▶ **TASK STATEMENT**:
Write the data out again exactly, with no pictures.

[Items from a dataset]
%%

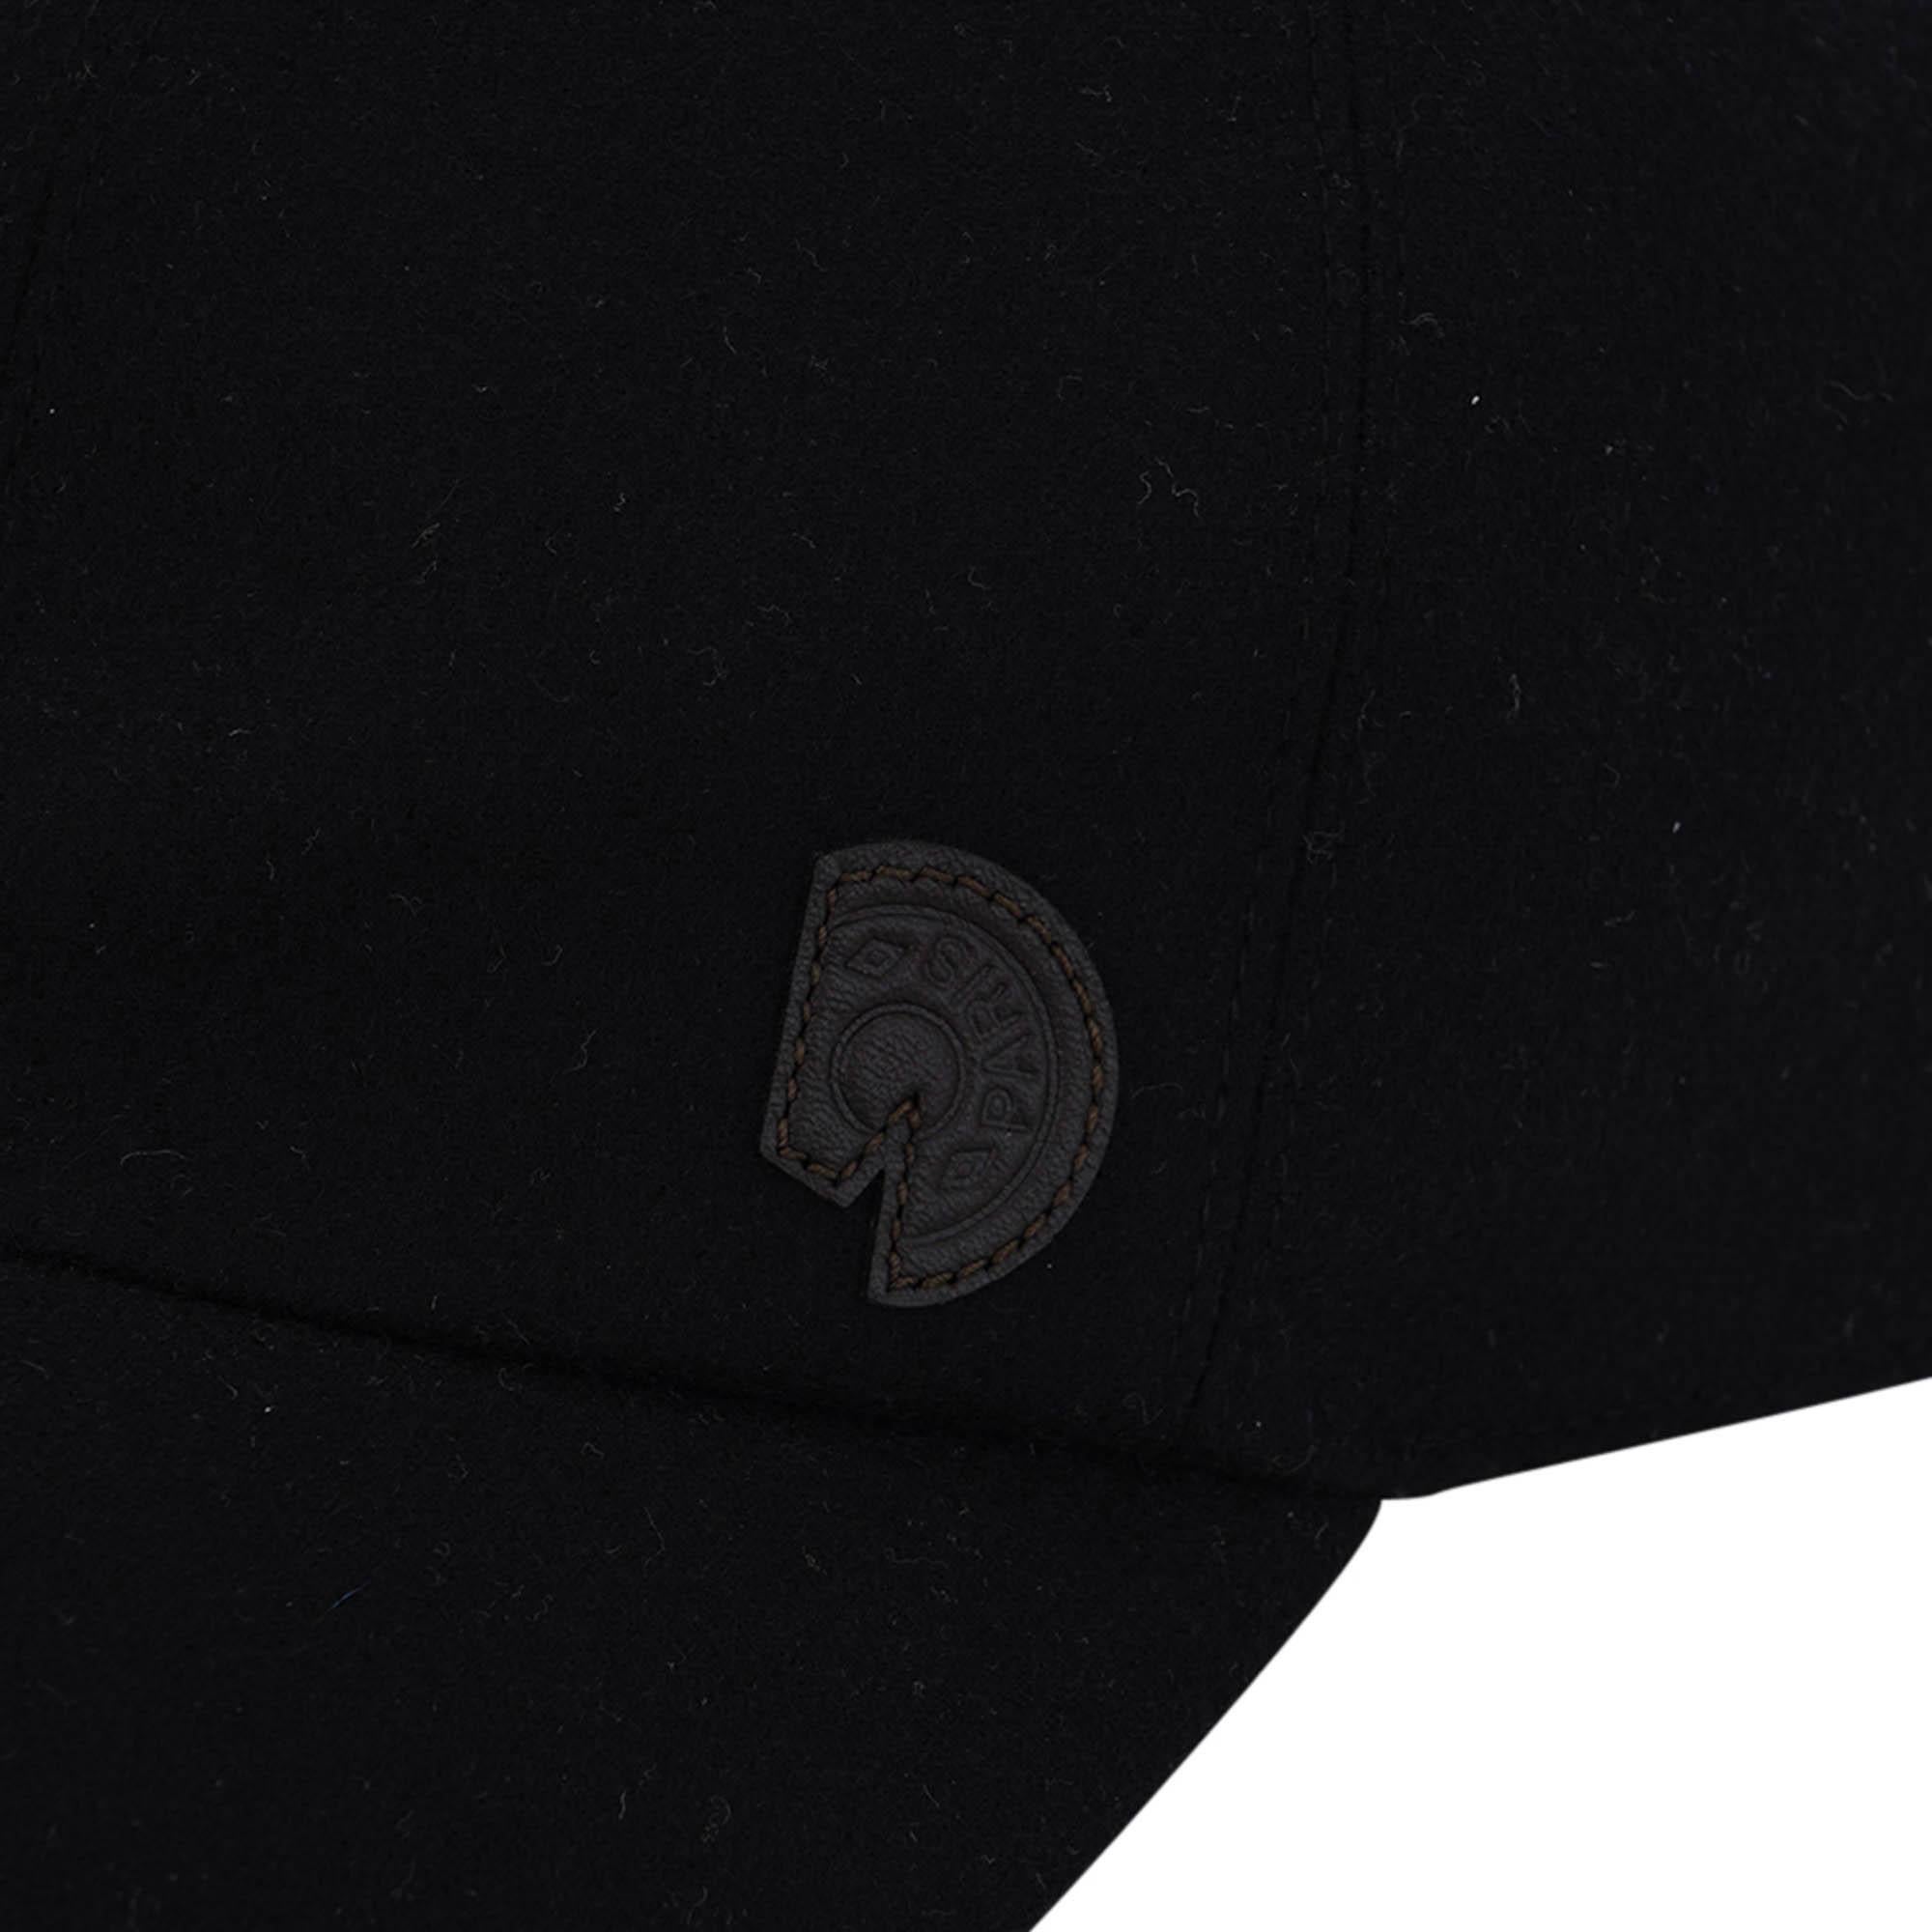 Mightychic bietet eine Hermes Riley Clou Carrousel Cap in der Farbe Schwarz an.
Swift Kalbsleder Clou Karussell auf der Seite.
CAP aus Wollflanell.
Interieur gewebtes Abzeichen Cheval de Fete von Jan Bajtlik.
Verstelllasche mit zwei Palladium

%%

▶ **EXERCISE SOLUTION**:
 Mightychic bietet eine Hermes Riley Clou Carrousel Cap in der Farbe Schwarz an.
Swift Kalbsleder Clou Karussell auf der Seite.
CAP aus Wollflanell.
Interieur gewebtes Abzeichen Cheval de Fete von Jan Bajtlik.
Verstelllasche mit zwei Palladium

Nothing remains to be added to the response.